Task statement - Repeat the listing word for word. No pictures belong in the copy.

Raw data -
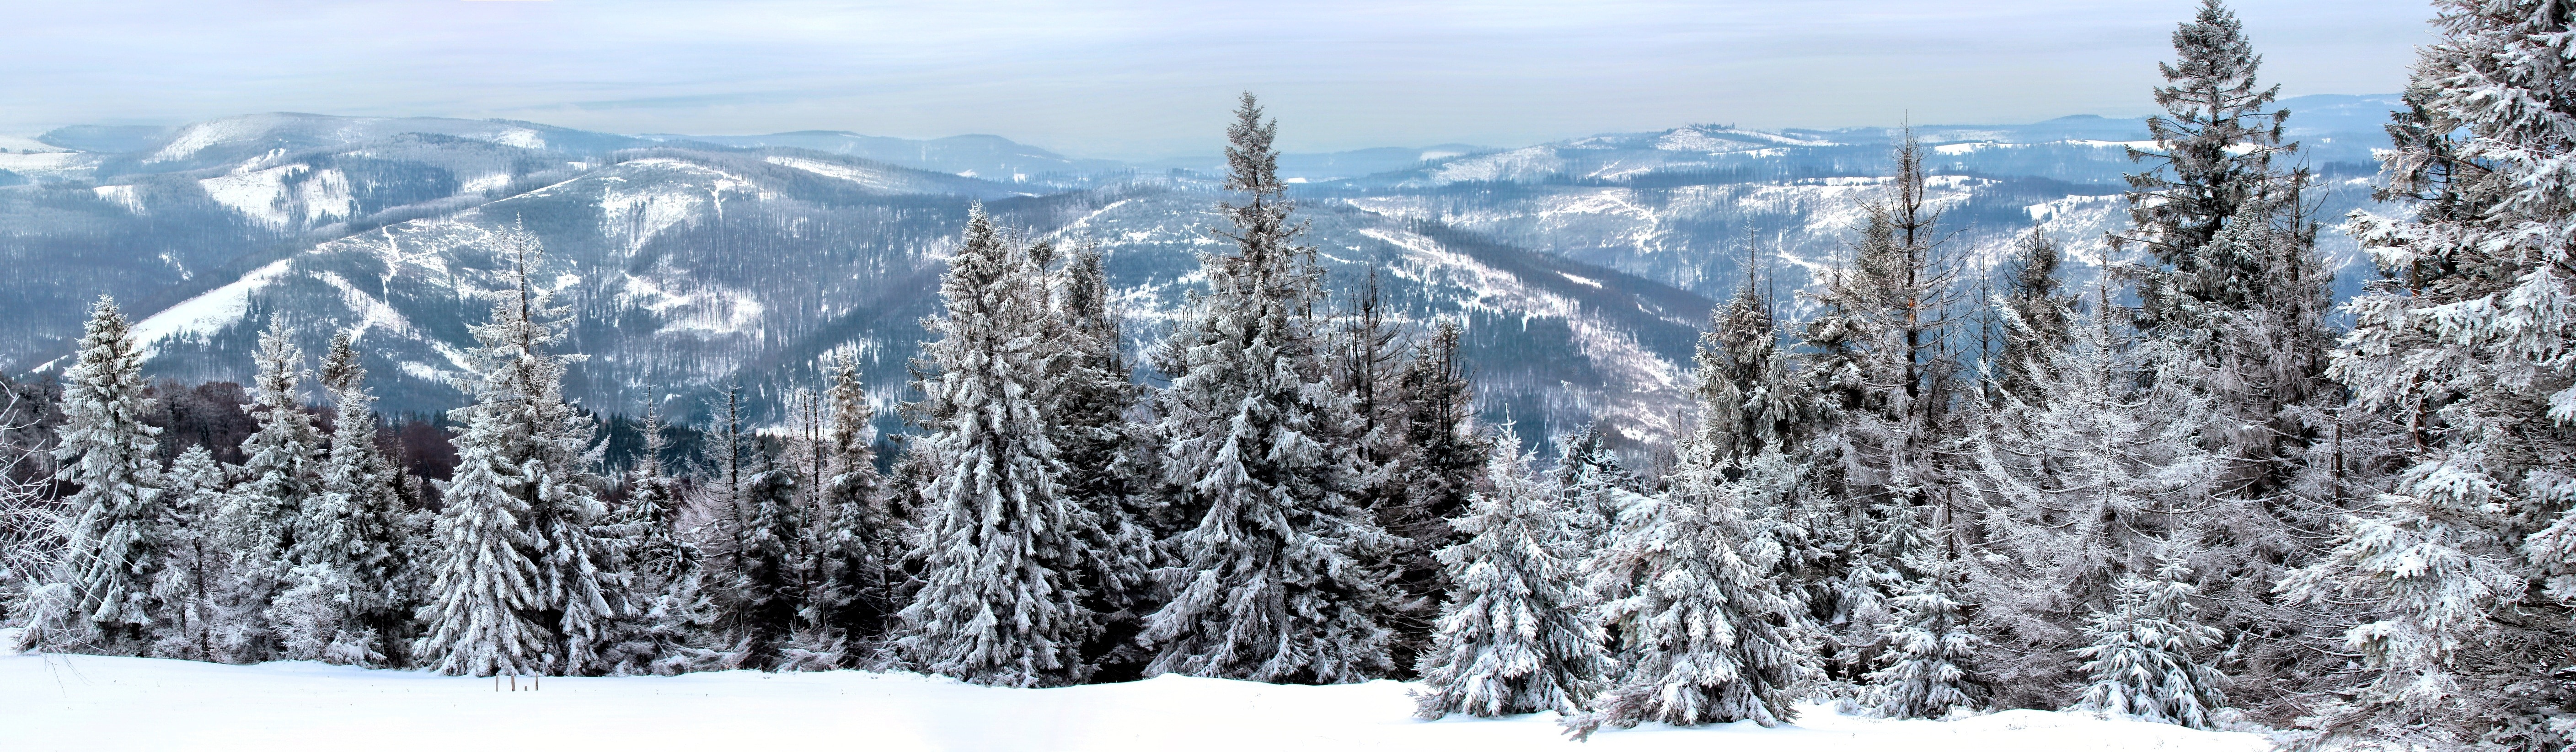 Mountains, Tree, Landscape, Snow, Winter, snow, winter
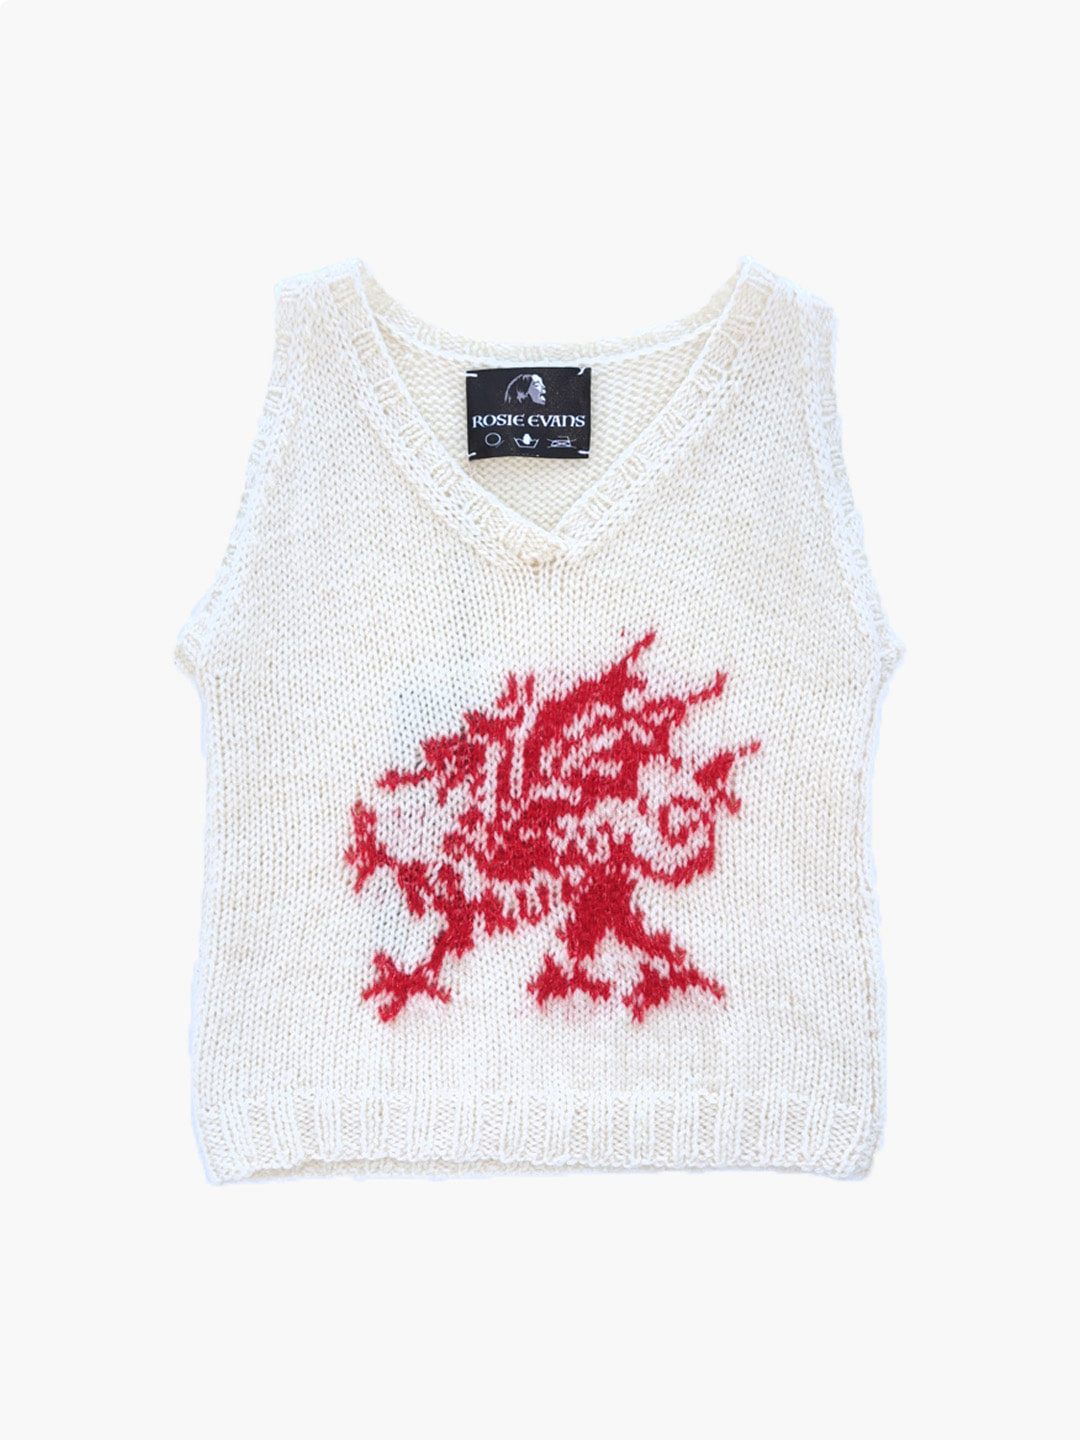 ROSIE EVANSHer dragon knit vest
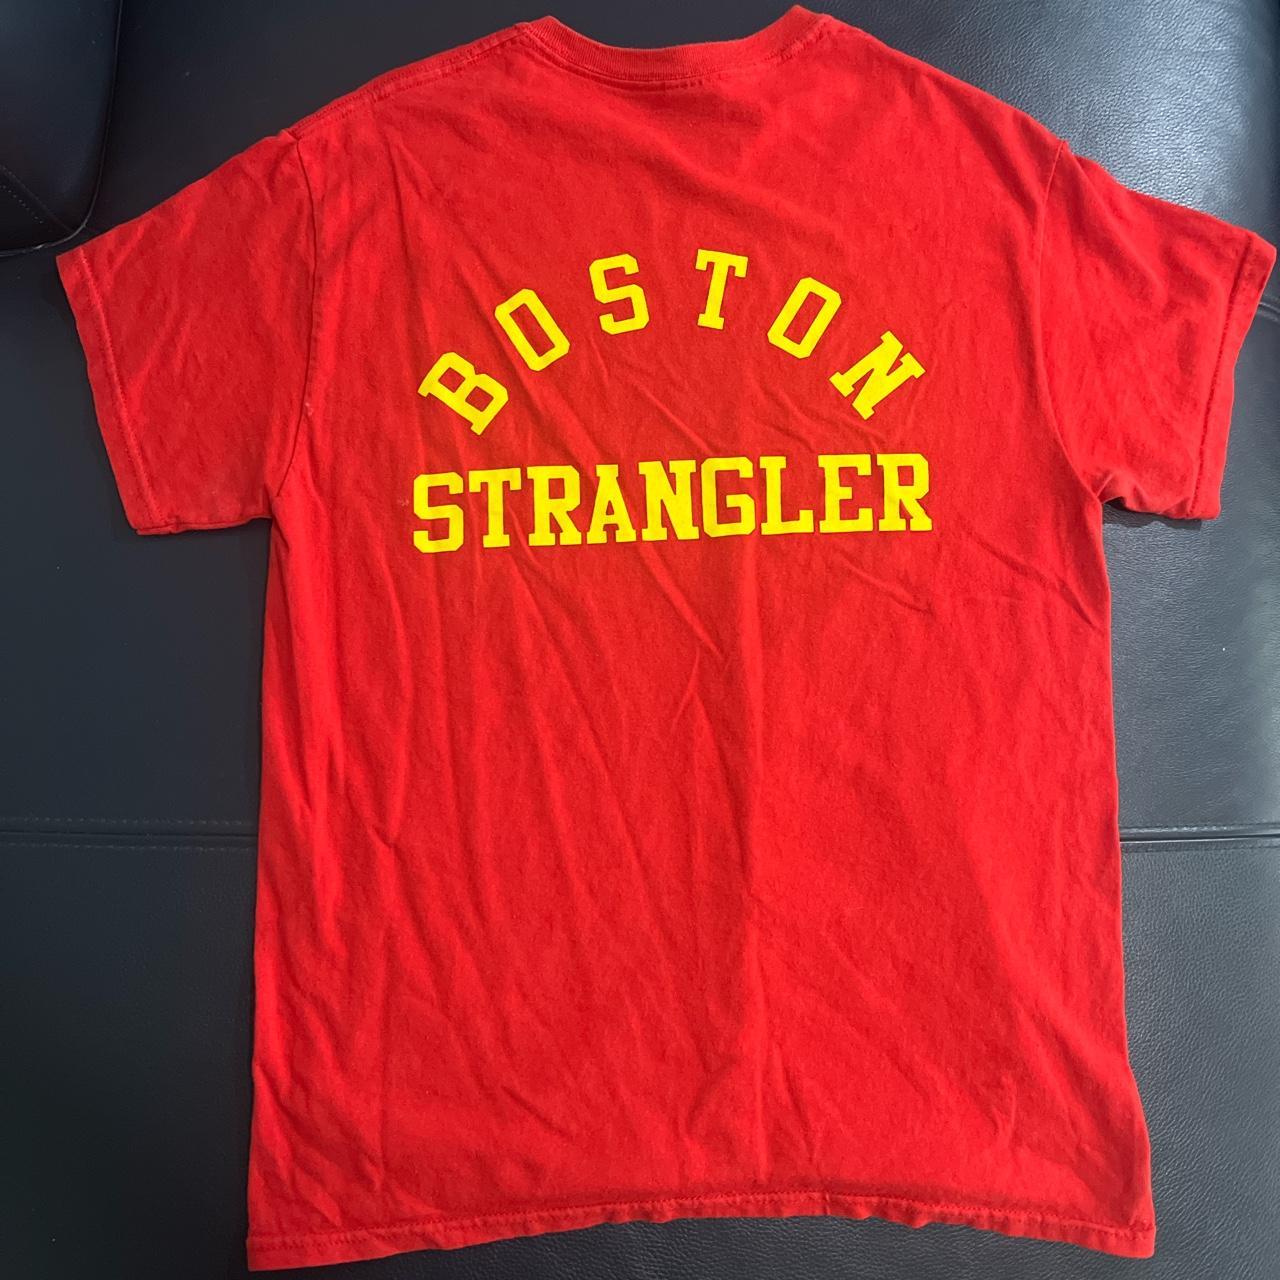 Hardcore band Boston Strangler

Response area -
 Mountains, Tree, Landscape, Snow, Winter, snow, winter
 ROSIE EVANSHer dragon knit vest
 Hardcore band Boston Strangler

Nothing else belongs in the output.